Challenge 3: Transitioning away from an unabated gas-based system to a flexible, resilient, decarbonised electricity system

While recognising the need to shift away from the current unabated gas-dominated system to the flexible low carbon system of the future, DESNZ anticipates that a limited amount of new build gas capacity will be needed in the short term to ensure a secure and reliable system, for example to replace existing generation capacity as it expires. While low carbon technologies like power carbon capture usage and storage (CCUS), hydrogen-to-power (H2P) and long-duration electricity storage (LDES) are scaling up, mature gas technologies currently remain the main source of capacity. In addition, views are sought on an optimised Capacity Market (CM) (hence retaining and optimising the CM as the capacity adequacy mechanism for the GB electricity system) with a single auction, where the government proposes the introduction of a minimum procurement target (minima) to support investment of low carbon flexible technologies (Figure 4).

Figure 4: Summary of proposals under Challenge 3
Source: DESNZ
Note: FOAK = First of a Kind

Challenge 4:  Operating and optimising a renewables-based system, cost-effectively

As GB moves towards a low carbon electricity system, power generation is increasingly located farther from areas of demand. This situation often leads to a geographical mismatch between supply and demand (for example, with generation situated in the North of Scotland and demand in the Southeast of England), creating additional strain on network infrastructure and resulting in a greater number of periods of constraint and curtailment. Because of existing policy and market arrangements, developers are not required to adequately factor in location in their decision making. However, consumers ultimately bear the cost of resolving inefficient dispatch outcomes. Thus, DESNZ is investigating further options to improve the effectiveness of locational signals, in particular by seeking views from stakeholders regarding zonal pricing options (Figure 5).

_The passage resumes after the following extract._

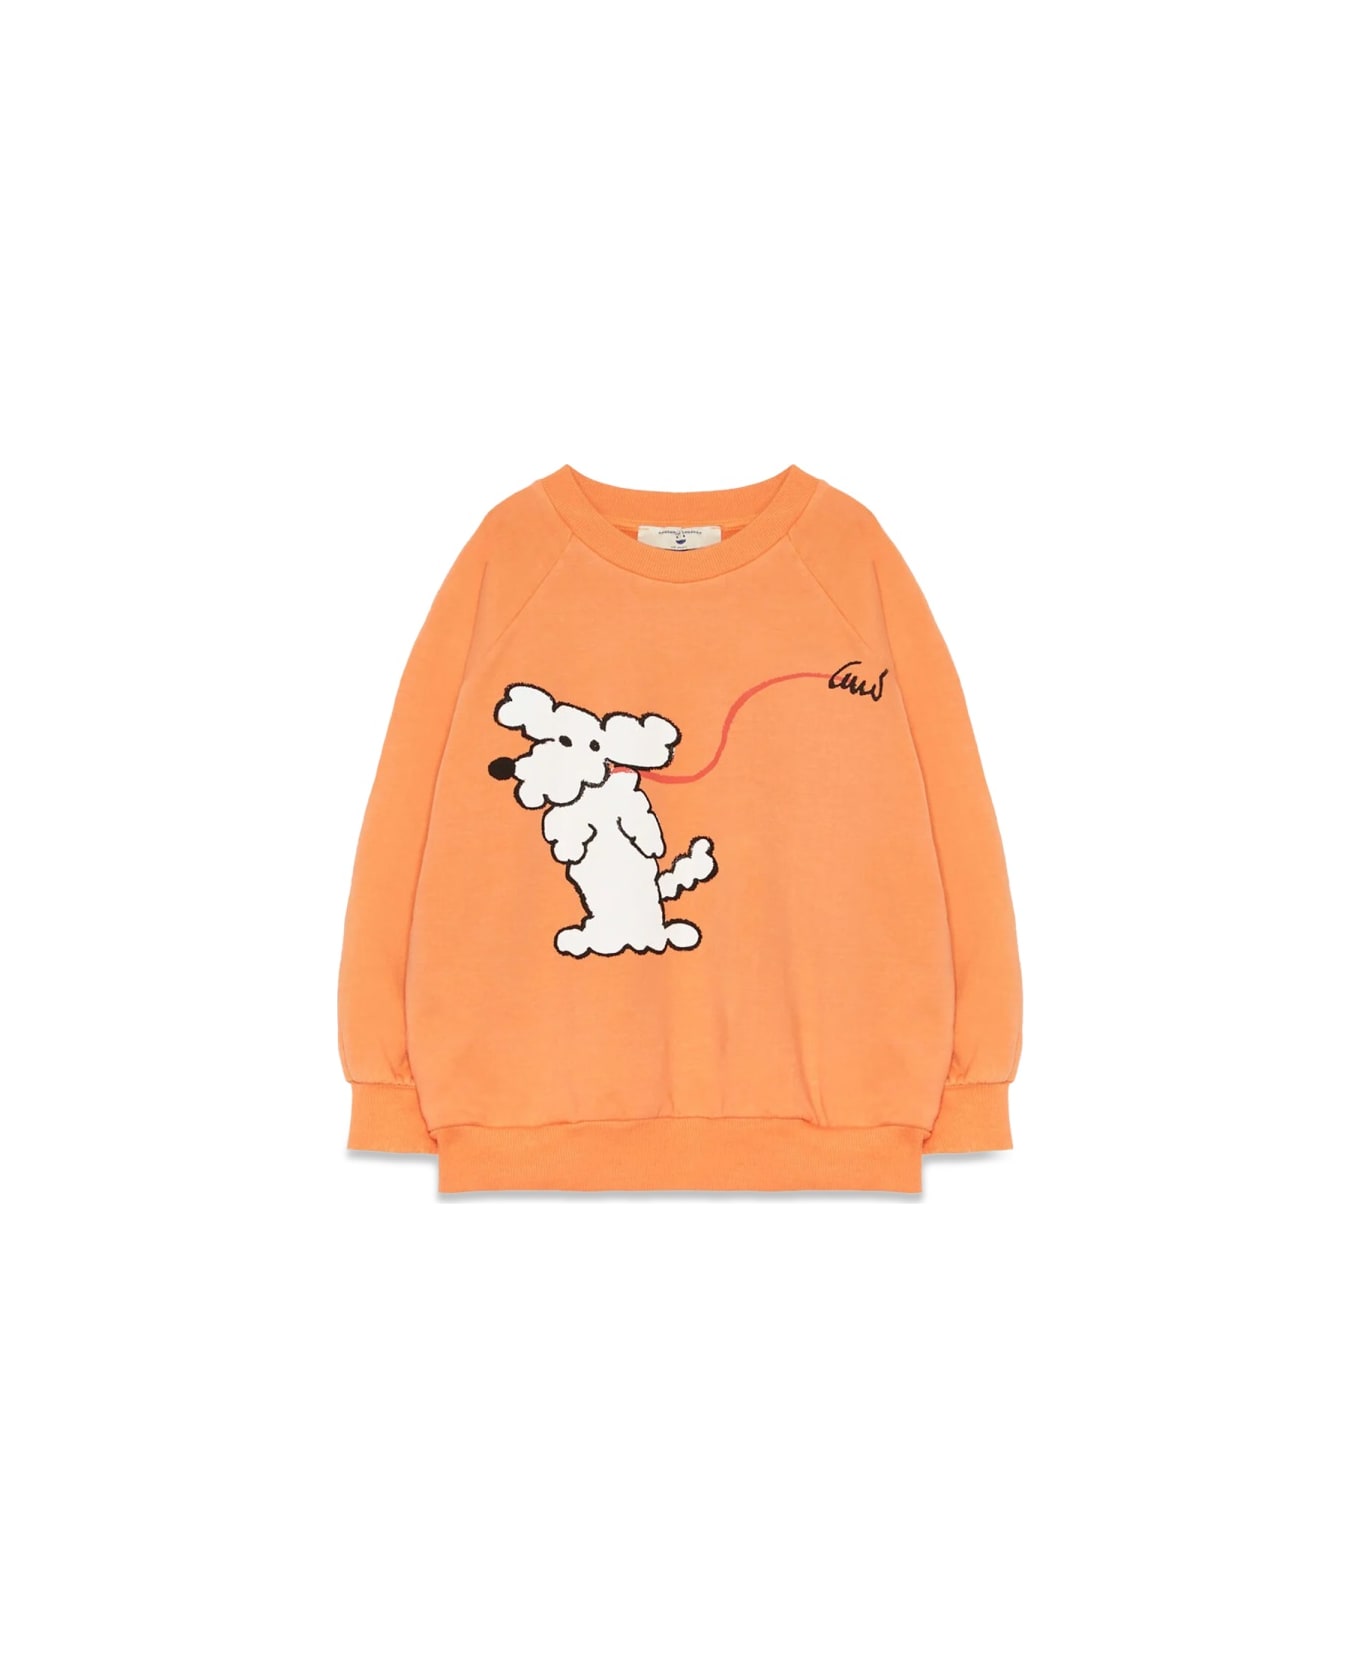 weekend house kids Dog Sweatshirt With Pockets - ORANGE ニットウェア＆スウェットシャツ

Locational signals could encourage power generation and demand, where feasible, to locate in network areas where they can offer most value to the system and operate more efficiently, hence reducing system costs. Thus, the locational value of electricity would be embedded into the wholesale price, reflecting the equilibrium between supply and demand as well as the available network capacity at each specific location. While the first consultation considered two forms of locational pricing, zonal and nodal, only the former is being considered moving forward. DESNZ deems that zonal locational pricing could provide key benefits, such as creating a more efficient system, lowering consumer bills, unlocking the potential to optimise whole-system flexibility and boosting economic growth. However, it also acknowledges risks, including potential increases in the cost of capital, implementation challenges, uncertainty around long-term liquidity, and adaptability.